*PROBLEM*
From the line with "Kulturprisvinnar Egil Einan.jpg" down to the final line of the material, please transcribe everything exactly, but leave the pictures out.

*PROVIDED DATA*
################

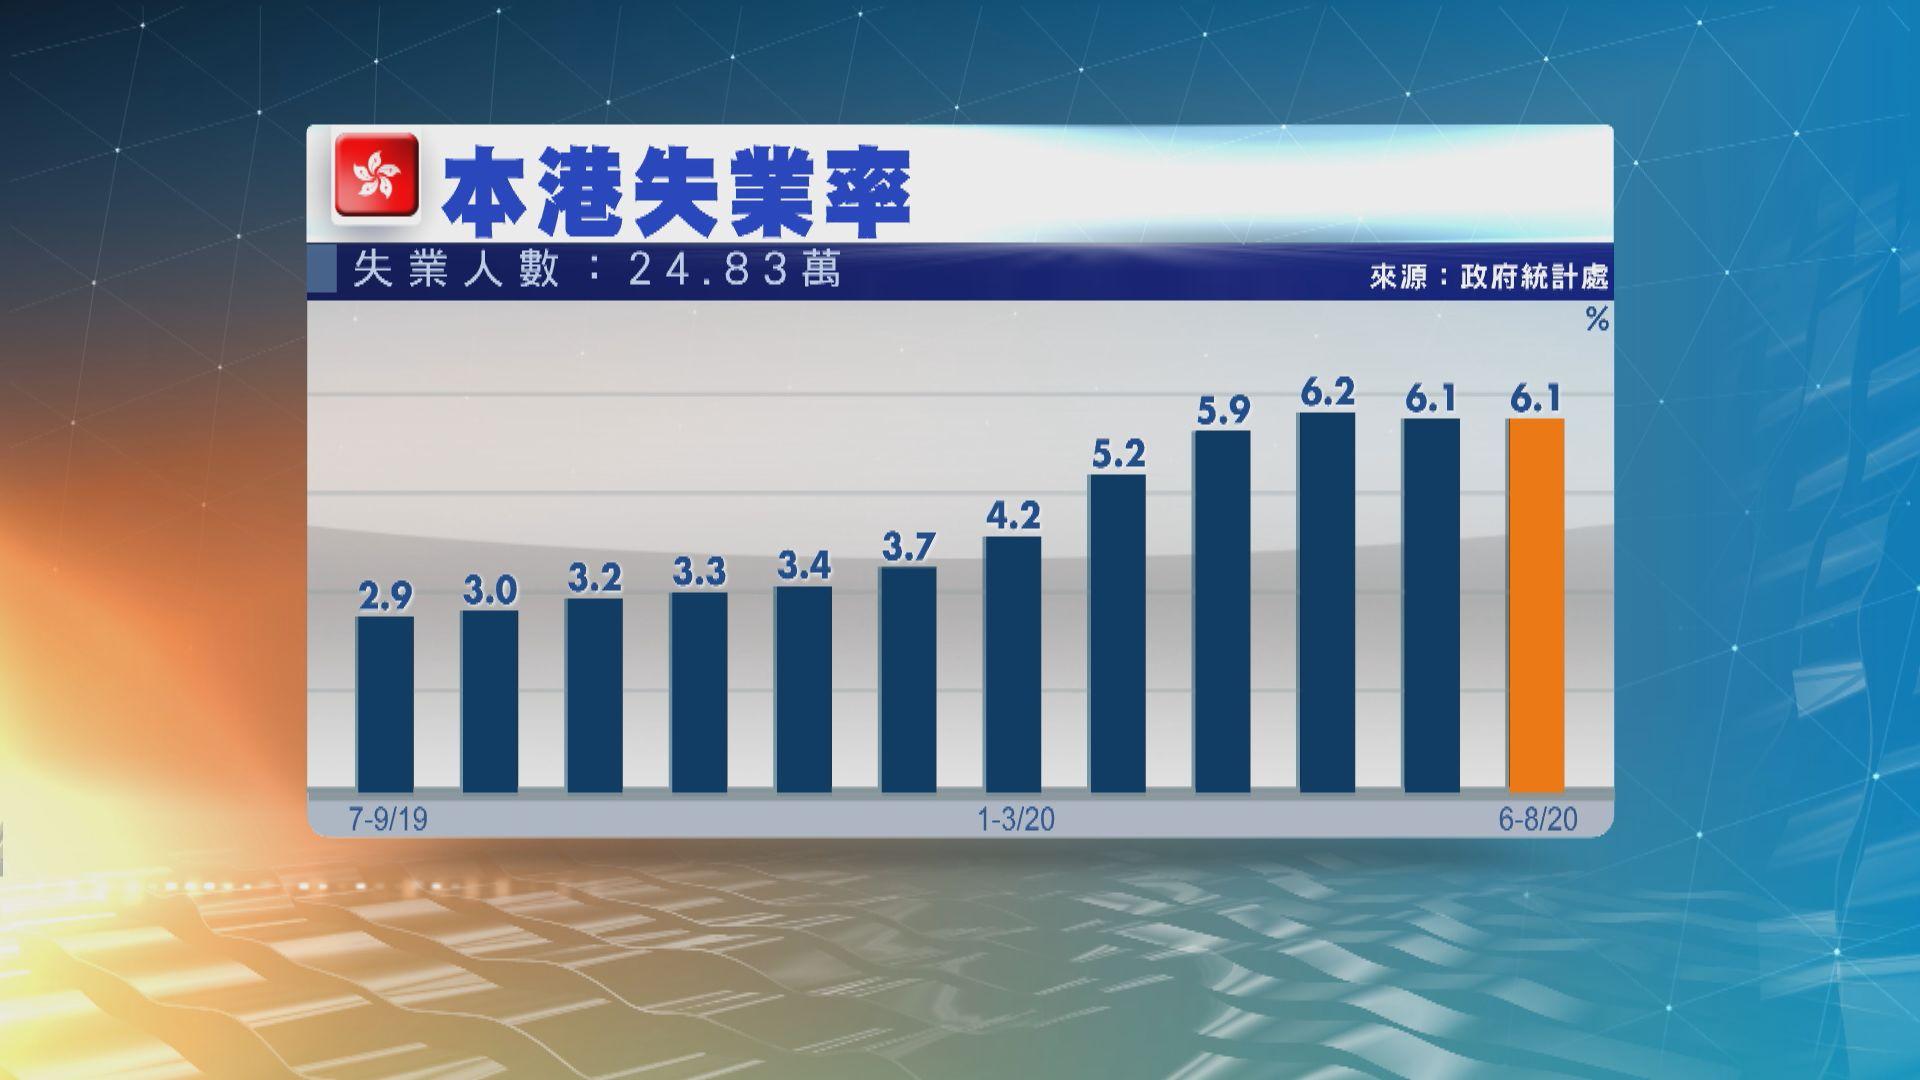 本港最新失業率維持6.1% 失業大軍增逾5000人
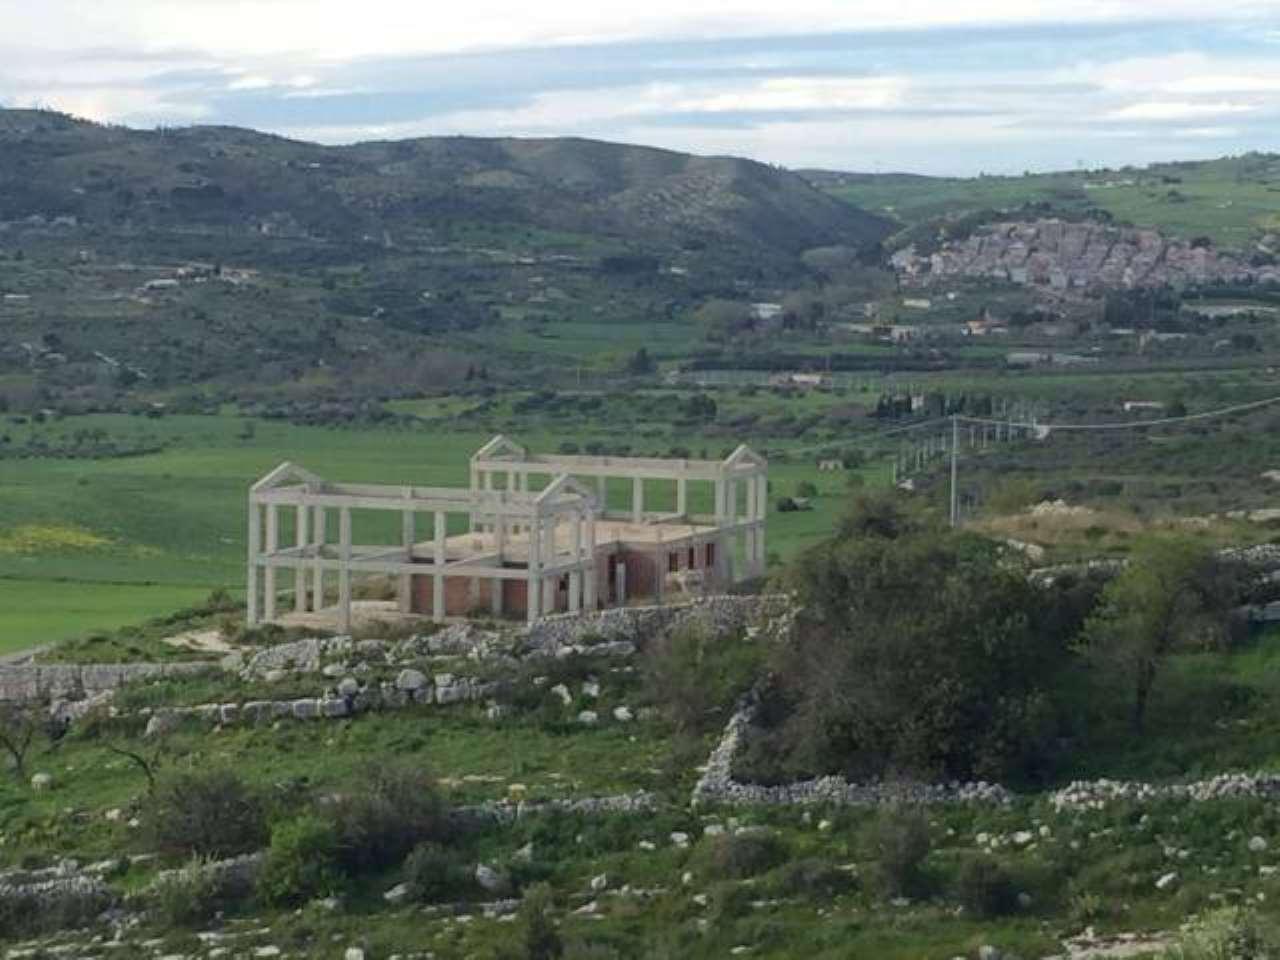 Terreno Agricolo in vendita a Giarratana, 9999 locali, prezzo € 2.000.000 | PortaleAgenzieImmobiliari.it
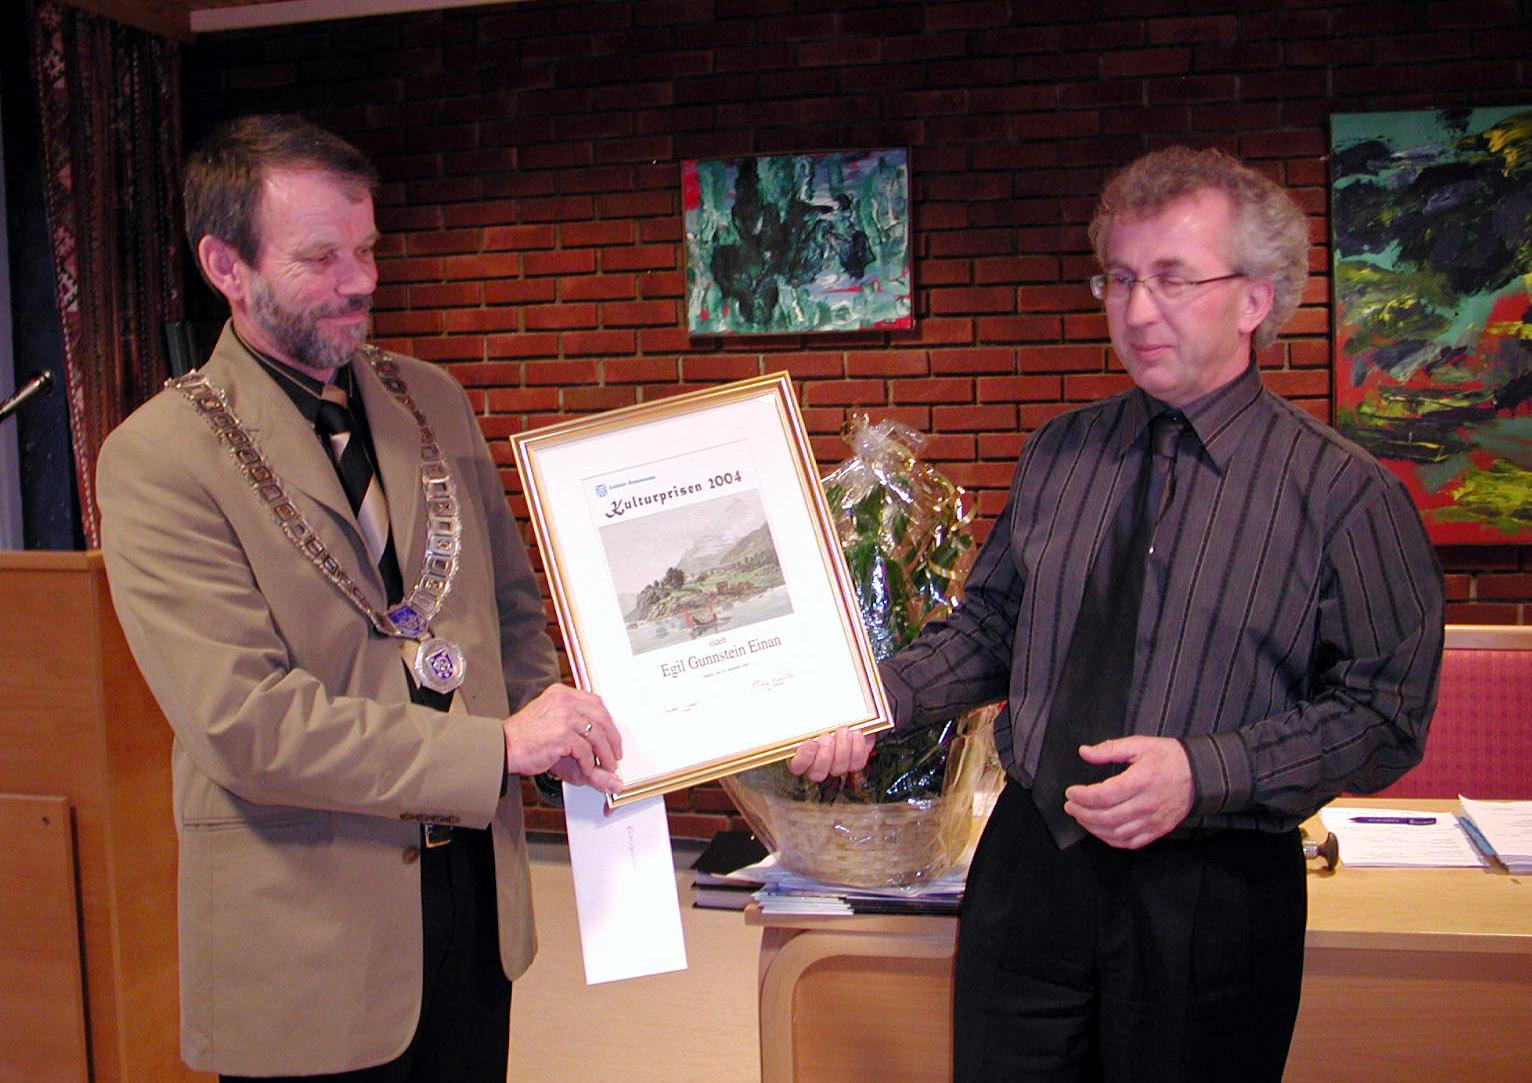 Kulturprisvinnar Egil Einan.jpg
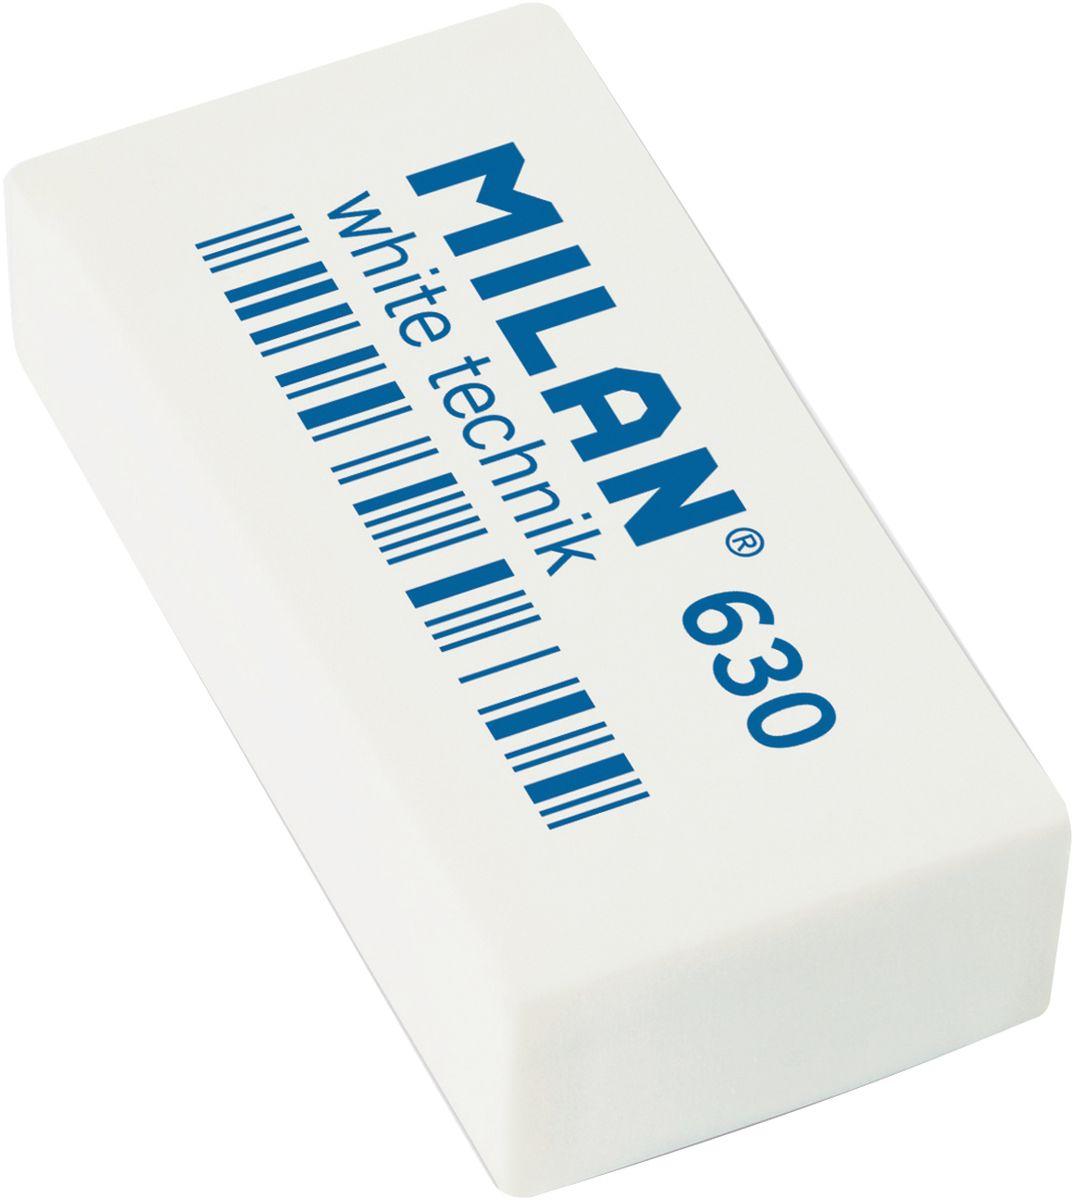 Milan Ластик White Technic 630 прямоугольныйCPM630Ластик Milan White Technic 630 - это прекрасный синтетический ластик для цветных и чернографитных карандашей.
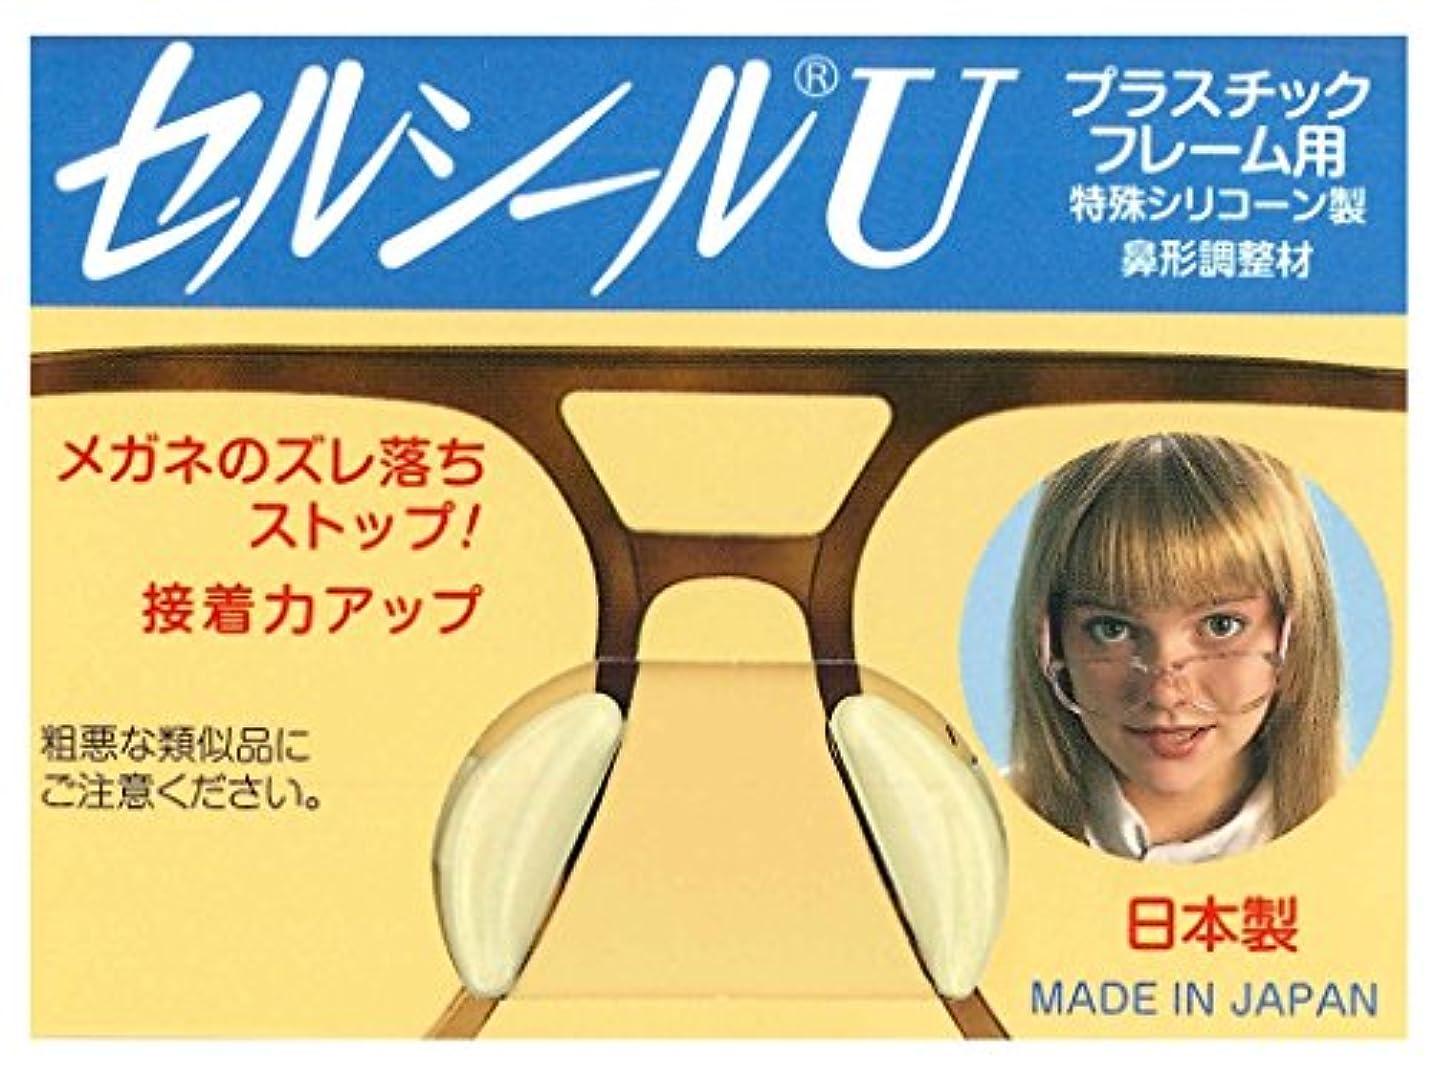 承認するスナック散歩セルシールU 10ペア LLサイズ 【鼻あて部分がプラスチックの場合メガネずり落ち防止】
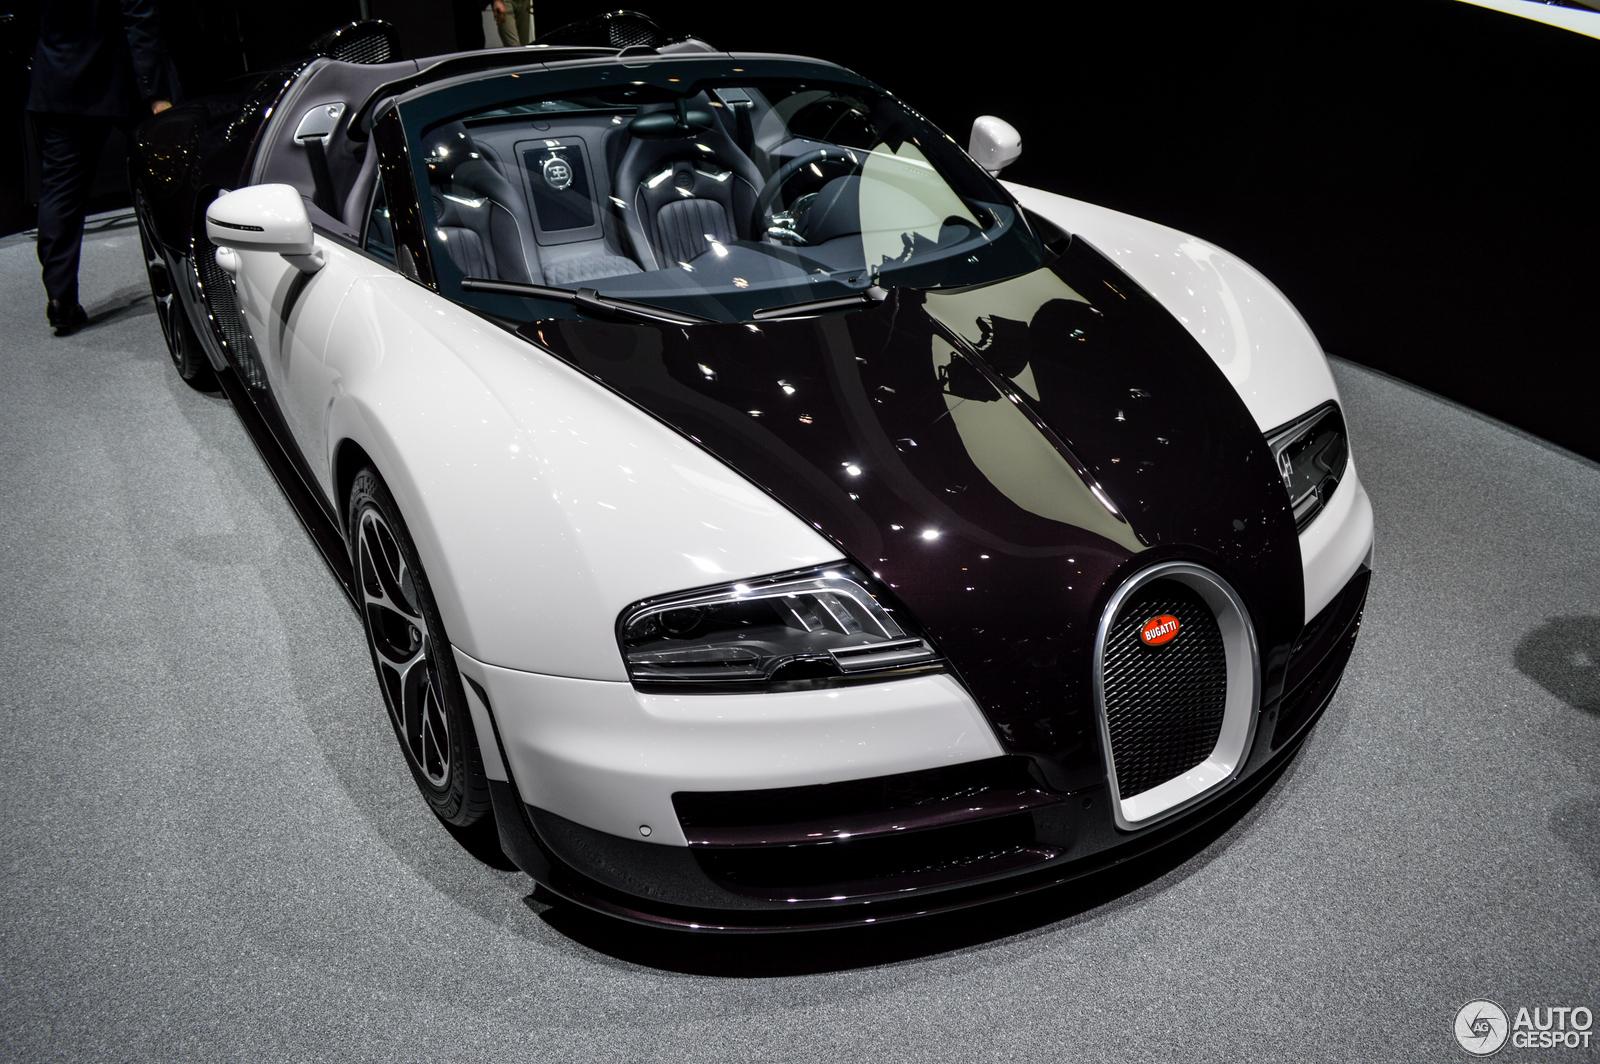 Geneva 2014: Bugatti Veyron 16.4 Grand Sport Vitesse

################

*YOUR SOLUTION*
 Kulturprisvinnar Egil Einan.jpg
 Milan Ластик White Technic 630 прямоугольныйCPM630Ластик Milan White Technic 630 - это прекрасный синтетический ластик для цветных и чернографитных карандашей.
 承認するスナック散歩セルシールU 10ペア LLサイズ 【鼻あて部分がプラスチックの場合メガネずり落ち防止】
 Geneva 2014: Bugatti Veyron 16.4 Grand Sport Vitesse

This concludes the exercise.